Whilst some uses of data may not strictly result in tangible artifacts (e.g. conversations or presentations without slides), we’ll assume that we can describe these intangible things as artifacts in our model.
Attaching processes and agents
Even if we stick to a really simple model in the first instance which allows users to specify a starting artifact (usually a Catalog, Dataset or Distribution), and an ending artifact, we need to (a) ask about what type of artifact they are ending up with (e.g. is it a report; a mash-up; a website or a visualisation); (b) find out something about the process used to create it (even if just a free text description for now); and (c) find out about the agent (the person) responsible for it (as if we’ve got no people involved we can hardly have the social life of data…).
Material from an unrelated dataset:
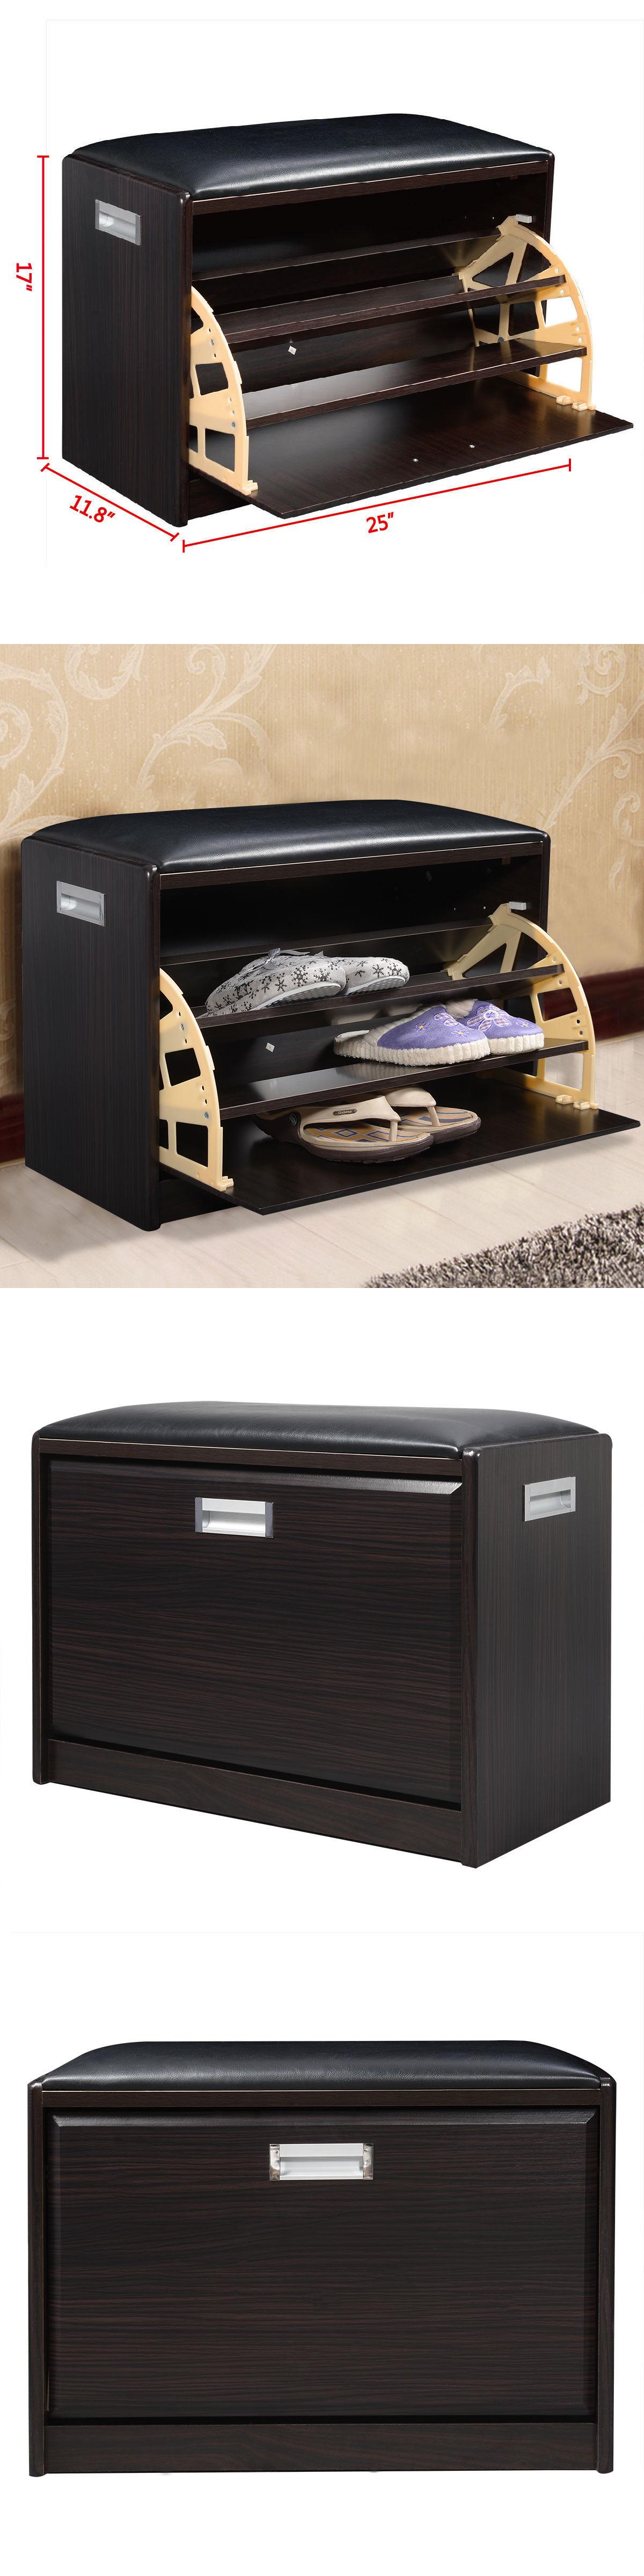 Shoe organizers wood shoe storage bench ottoman cabinet

We’re going to need an interface that captures these – and some sort of simple taxonomy of data use artifacts, processes, and relationships between processes and agents.
The full chain
In the example described above you will notice though that there are two ‘uses’ of data described, and one builds upon the other – so even though we’re trying to have a really simple way of describing datasets and the artifacts (uses) resulting from them, we might want to allow that one use can build upon another.
There’s an interface challenge for the future about how we might let users insert new processes in the middle of an existing workflow, but for now we could simply allow that chains of data use can be built up sequentially.
What would we really like to know
When you add up all the things it might be nice to know about the way data has been used (and you realise it would be helpful to know this about every stage of use) it turns out to be a pretty long list – so one of the coming challenges is going to be (a) finding interfaces that make cumulatively building this information up, without overwhelming the user inputting data, possible; and (b) finding other ways to fill in any of the data we might want (e.g can we fetch information about data artifacts from a catalogue; can we find a users bio by asking for Twitter IDs etc); (c) finding the right compromises to make sure the workflow tool is useful for humans first and foremost.
- (M1) What did you do with this dataset?
- (M2) What data did you use to build this?
- (M3) Who is exploring, using and talking about this data?
- (A0) What sort of artifact is it?
- (A1) Describe the artifact briefly.
- (A2) Is it available online somewhere?
- (A3) Is anyone maintaining it? Who is responsible for it?
- (A4) Where can I find out more about it?
- (A5) Are there conversations about it?
- (A6) When was it last updated?
- (P1) Describe the process briefly.
- (P2) What did you use?
- (P3) Who was involved?
- (P4) When did it first happen?
- (P5) When did it last happen?
- (P6) How often is it updated?
- (AG1) Who is this?
- (AG2) Where can I find them online?
- (AG3) What organisation do they belong to?
- (AG3) Brief biography?
We’re not quite there yet with a clear sense of the model we should use for capturing workflow information. Next up comes a bit of back-and-forth testing with different possible interface ideas (and tools we can draw upon) for creating and displaying workflows.
Once we’ve got a rough model together, the first iterations on generating some real workflow data can begin!